Ujas T A, Anderson K L, Lutshumba J, Hart S N, Turchan-Cholewo J, Hatton K W, Bachstetter A D, Nikolajczyk B S, Stowe A M
Department of Neuroscience, University of Kentucky, Lexington, USA.
Department of Pharmacology and Nutritional Sciences, University of Kentucky Lexington, Kentucky, USA.
medRxiv. 2024 Aug 19:2024.08.16.24312086. doi: 10.1101/2024.08.16.24312086.
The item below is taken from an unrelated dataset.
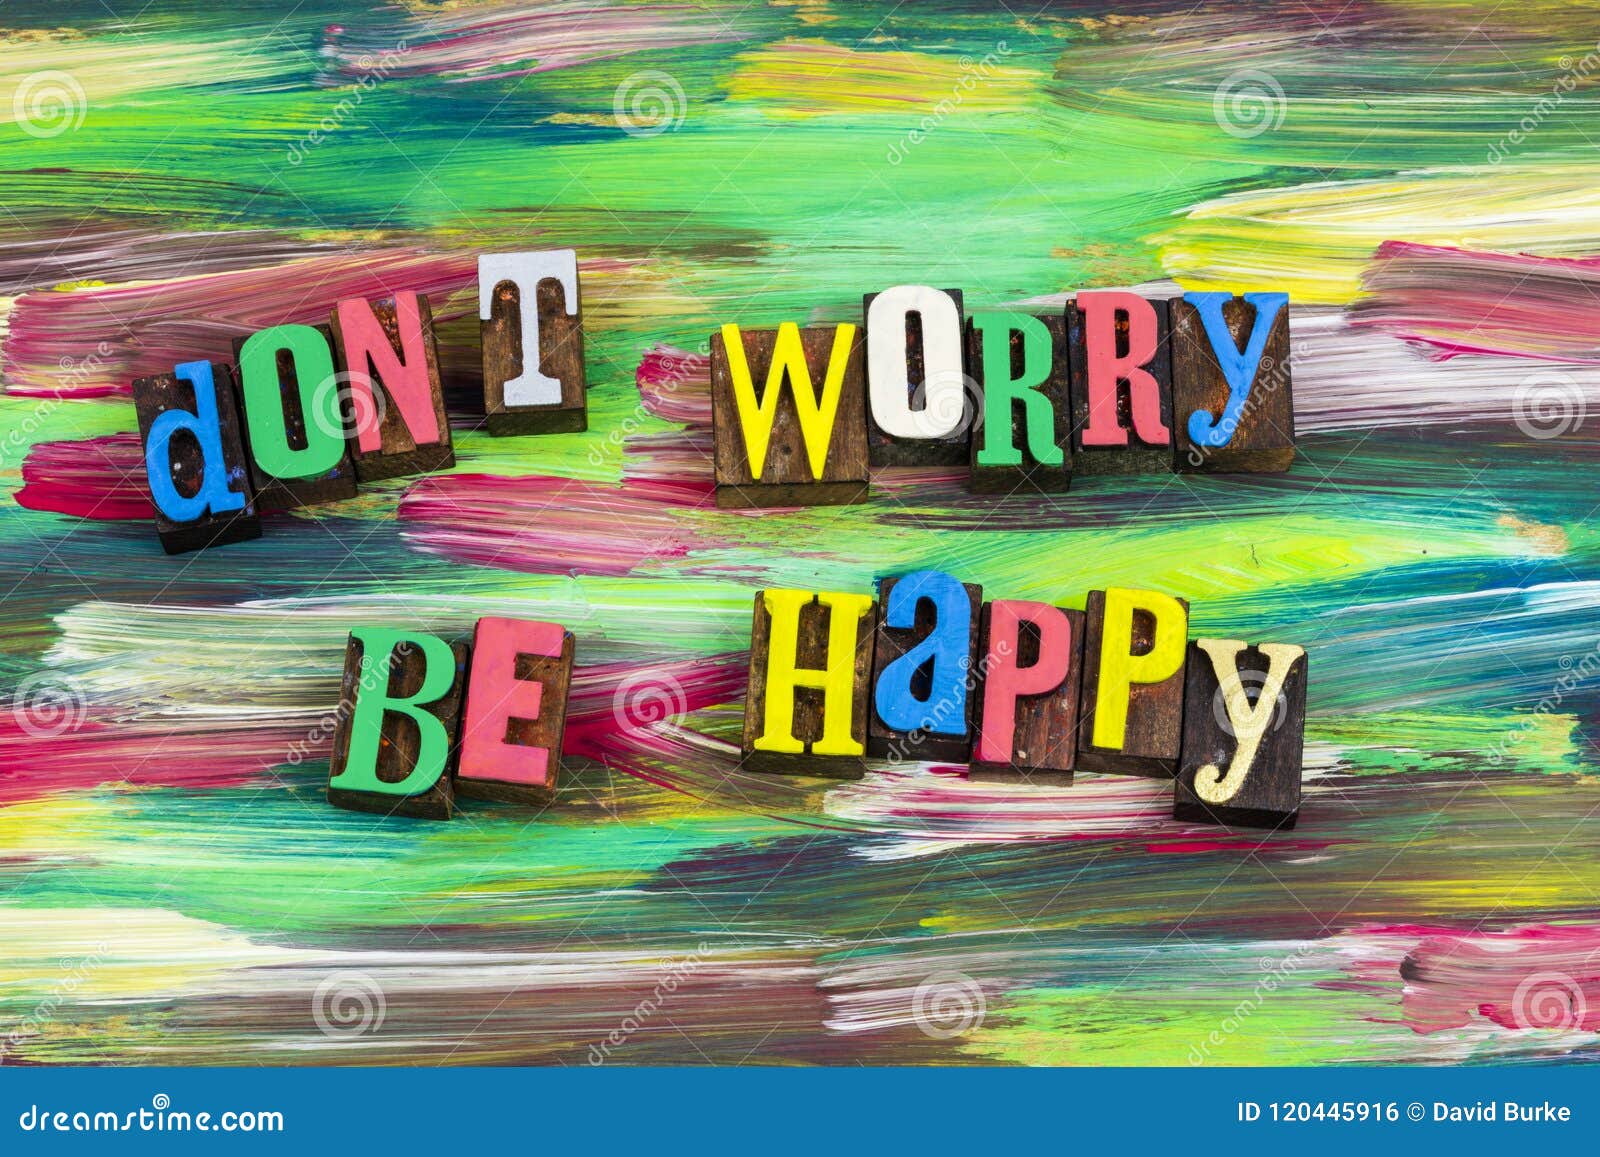 WORRY FREE LIFE: How to Think Positive and Have a Worry Free

Delayed cerebral ischemia (DCI) is a significant complication of aneurysmal subarachnoid hemorrhage (aSAH). This study profiled immune responses after aSAH and evaluated their association with DCI onset.
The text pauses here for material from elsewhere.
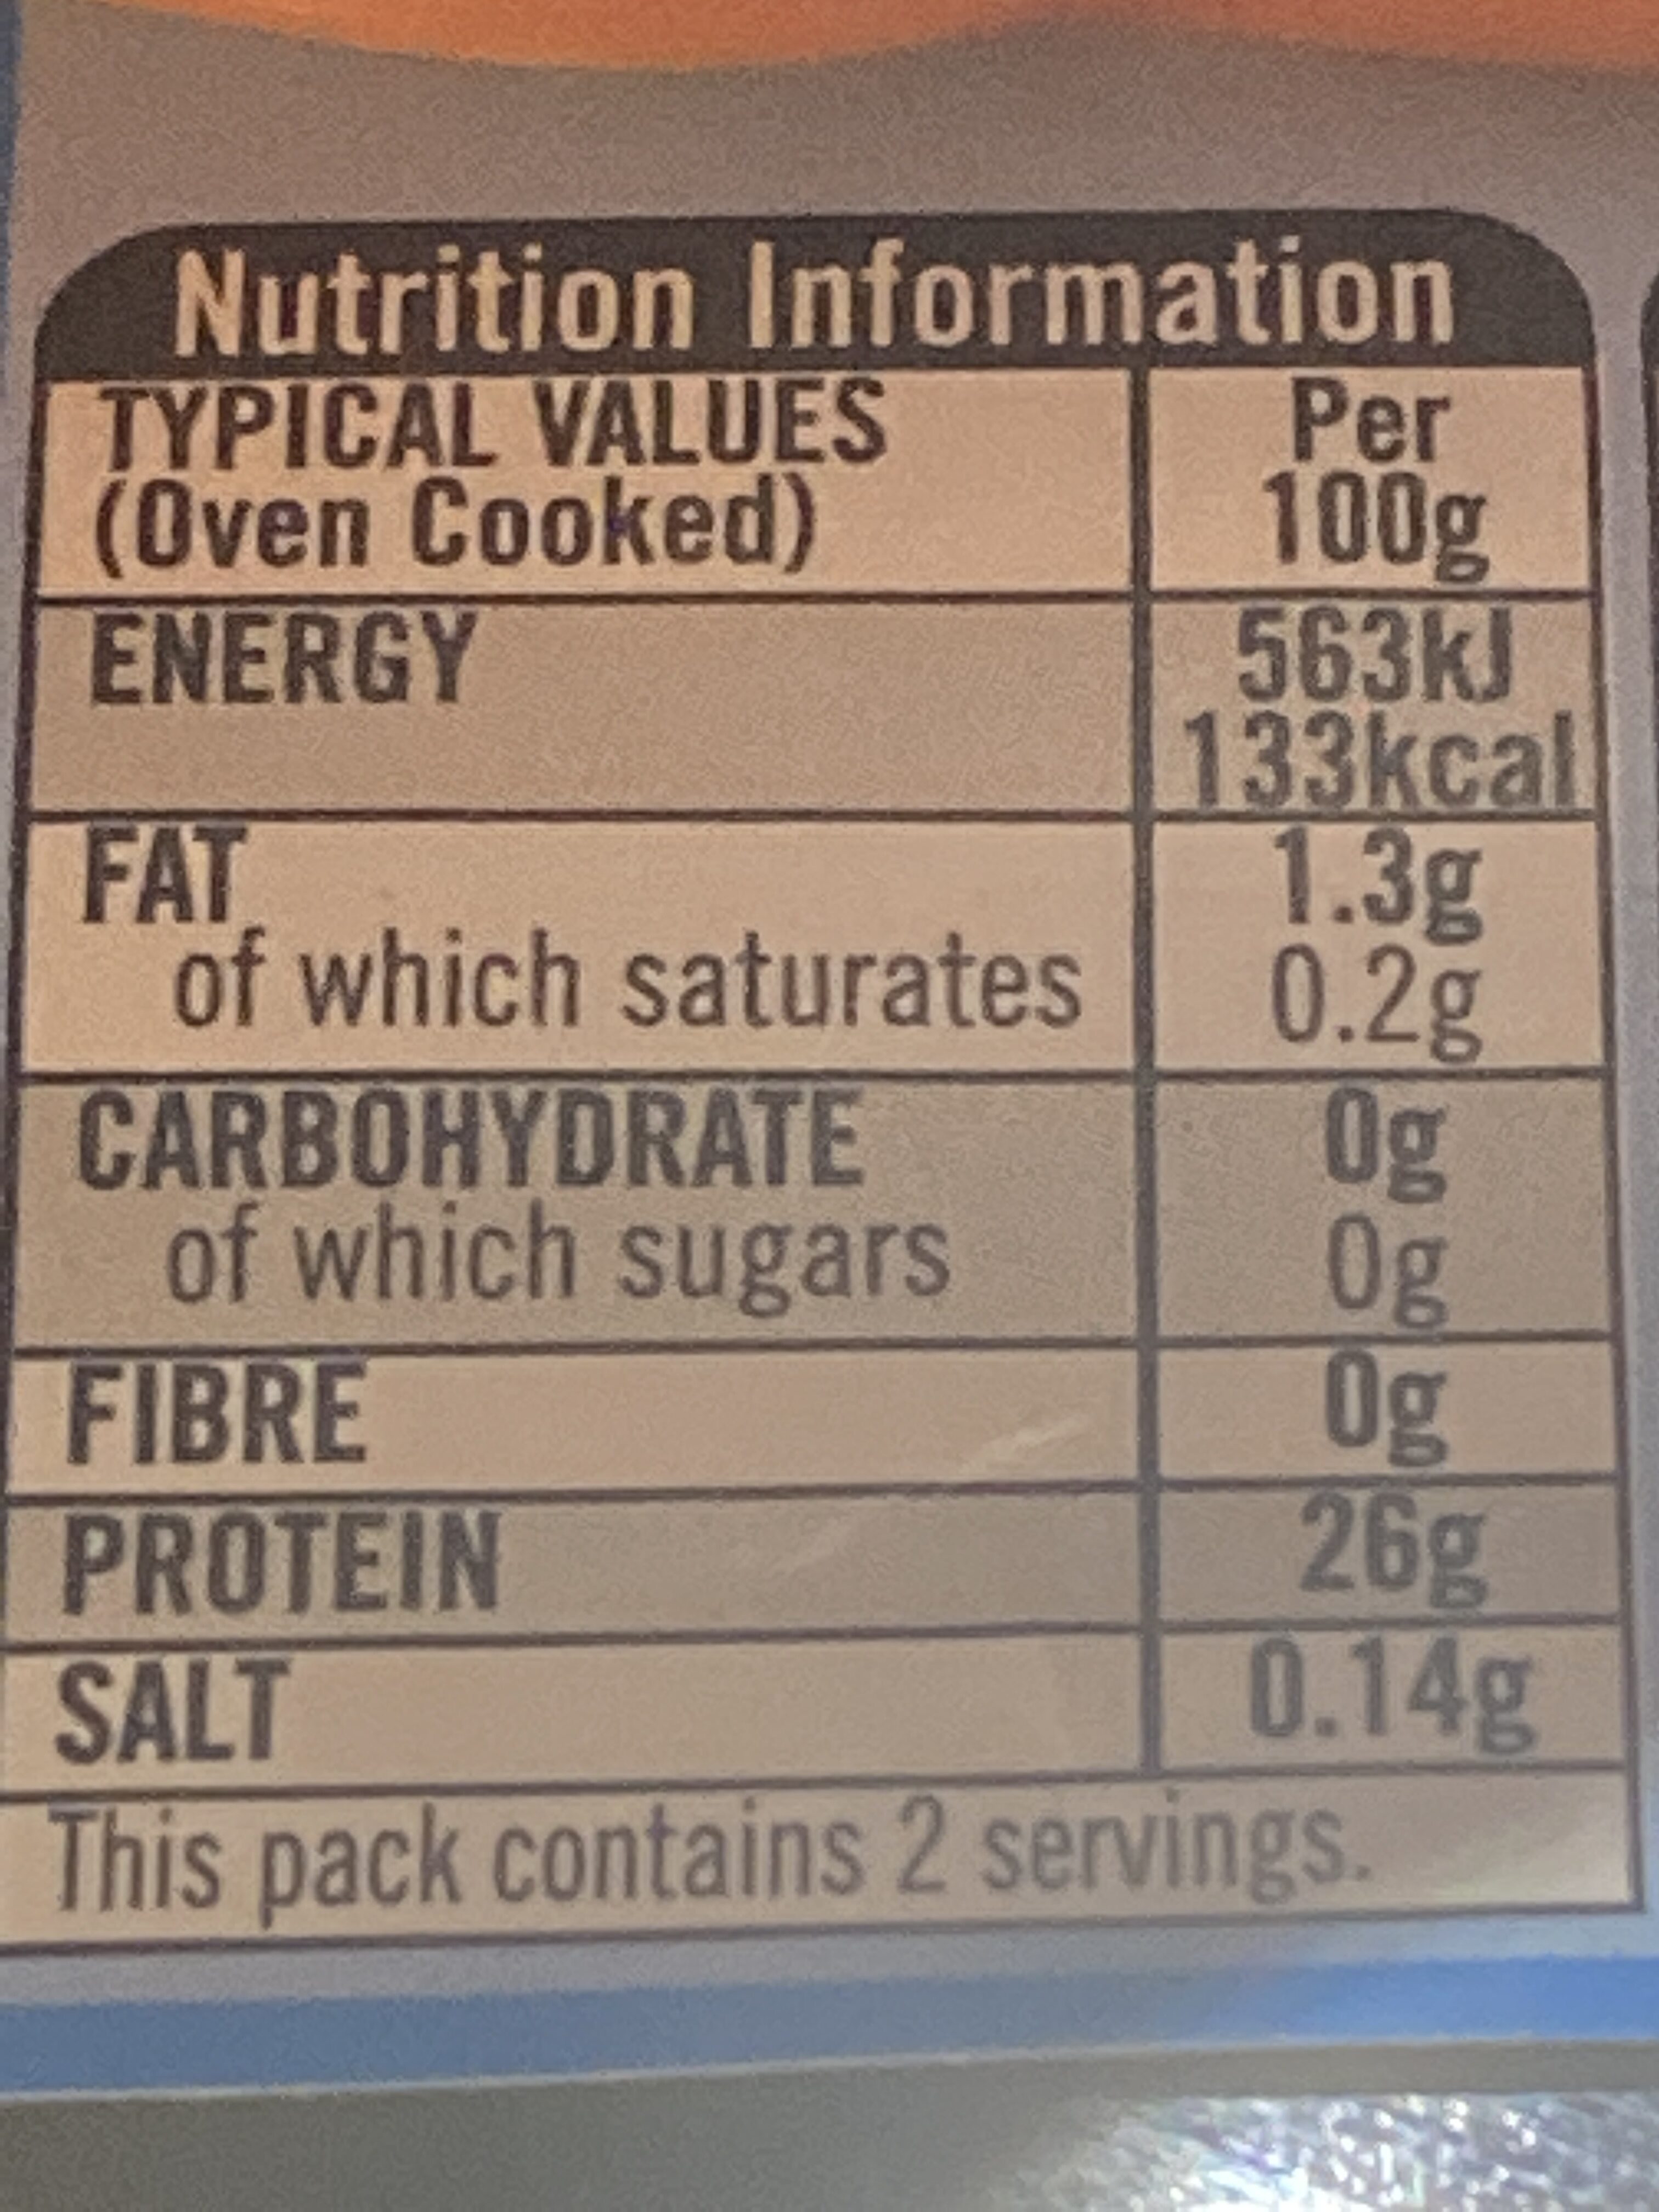 Cod lions - Nutrition facts

Twelve aSAH patients were enrolled. Leukocyte populations and cytokine levels were analyzed in cerebrospinal fluid (CSF) and peripheral blood (PB) on days 3, 5, 7, 10, and 14 post-aSAH. Peripheral blood mononuclear cells (PBMCs) were collected and their cytokine production quantified following stimulation.
Mixed-effects models revealed distinct immune cell dynamics in CSF compared to blood. Natural killer T cell frequency increased over time in CSF only, while monocyte/macrophage numbers increased in both CSF and PBMCs. CD4+ HLA II+ T cells increased in circulation. Unstimulated PBMCs showed increased IL-1β, IL-6, and TNFα production, peaking at 7 days post-aSAH, coinciding with typical DCI onset. Ex vivo stimulation of PBMCs showed that only IL-6 significantly changed over time. In CSF, cytokines peaked 5 days post-injury, preceding immune cell profile alterations.
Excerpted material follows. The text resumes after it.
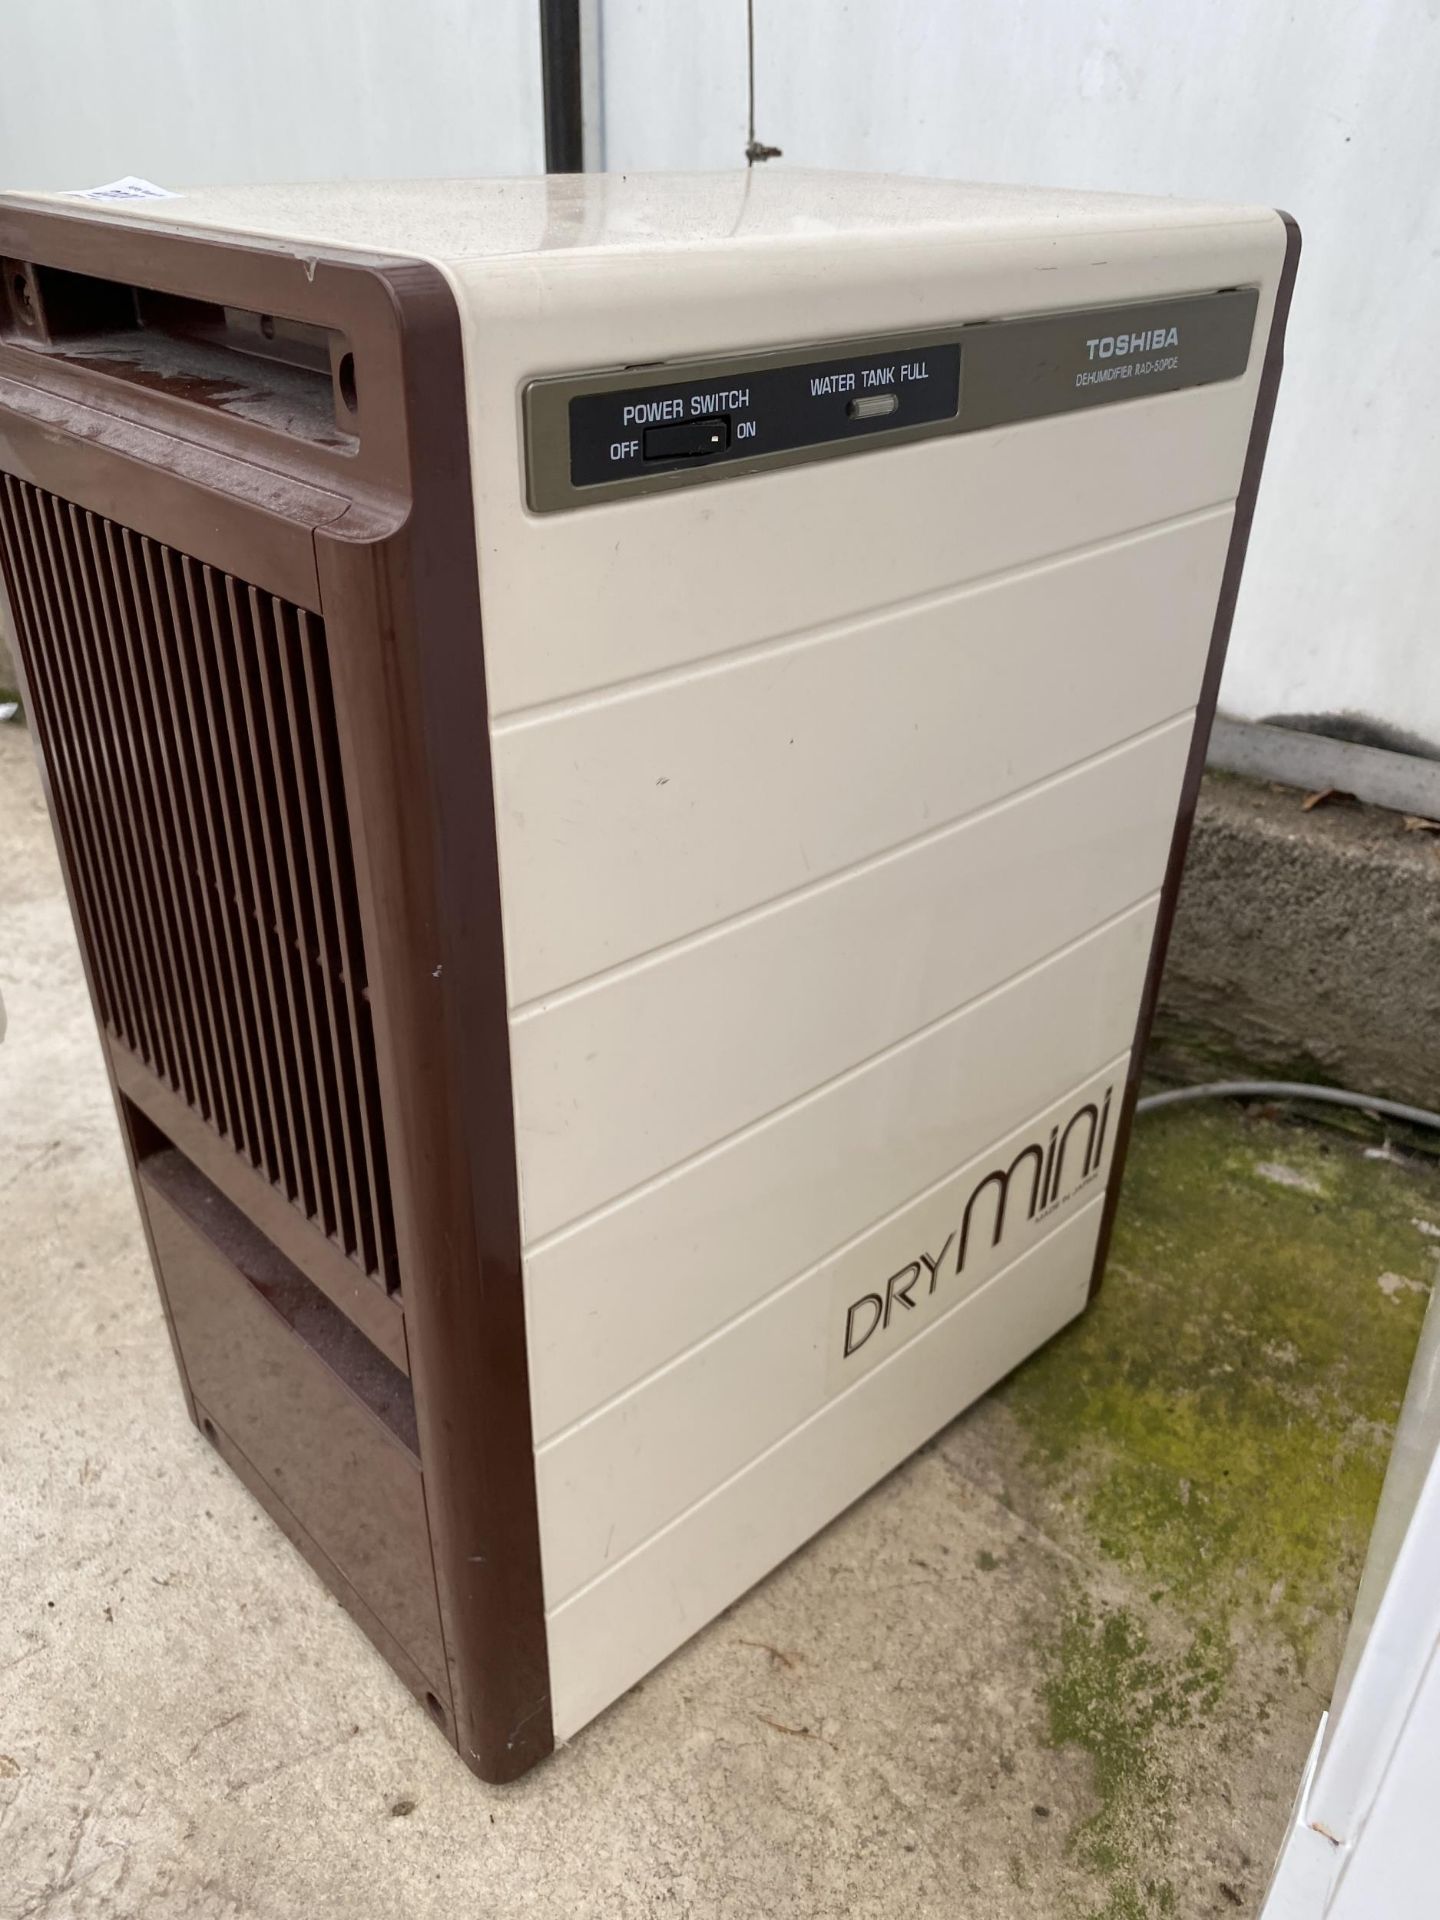 A SMALL CREAM AND BROWN DEHUMIDIFIER - Image 2 of 2

Our findings reveal a time-dependent immune response following aSAH, with distinct within-patient patterns in CSF and PB. The early CSF cytokine peak preceding immune cell changes suggests a potential mechanistic link and identifies the cytokine response as a promising therapeutic target. This cytokine surge may drive immune cell expansion and prime PBMCs for increased inflammatory activity, potentially contributing to DCI risk. Future studies should explore the importance and sources of specific cytokines in driving immune activation. These insights may inform the development of targeted immunomodulatory strategies for preventing or managing DCI in aSAH patients.
迟发性脑缺血(DCI)是动脉瘤性蛛网膜下腔出血(aSAH)的一种严重并发症。本研究描绘了aSAH后的免疫反应,并评估了它们与DCI发生的关联。
招募了12例aSAH患者。在aSAH后的第3、5、7、10和14天,分析脑脊液(CSF)和外周血(PB)中的白细胞群体和细胞因子水平。收集外周血单个核细胞(PBMC),并在刺激后对其细胞因子产生进行定量分析。
混合效应模型显示,与血液相比,CSF中的免疫细胞动态明显不同。仅CSF中的自然杀伤T细胞频率随时间增加,而CSF和PBMC中的单核细胞/巨噬细胞数量均增加。循环中的CD4 + HLA II + T细胞增加。未刺激的PBMC显示IL-1β、IL-6和TNFα产生增加,在aSAH后7天达到峰值,这与典型的DCI发作时间一致。PBMC的体外刺激显示,只有IL-6随时间有显著变化。在CSF中,细胞因子在损伤后5天达到峰值,早于免疫细胞谱改变。
我们的研究结果揭示了aSAH后随时间变化的免疫反应,CSF和PB中存在患者体内的不同模式。免疫细胞变化之前CSF中细胞因子的早期峰值表明存在潜在的机制联系,并将细胞因子反应确定为一个有前景的治疗靶点。这种细胞因子激增可能会驱动免疫细胞扩增,并使PBMC对增加的炎症活动产生预激作用,可能导致DCI风险增加。未来的研究应探讨特定细胞因子在驱动免疫激活中的重要性和来源。这些见解可能为开发针对性的免疫调节策略提供依据,以预防或管理aSAH患者的DCI。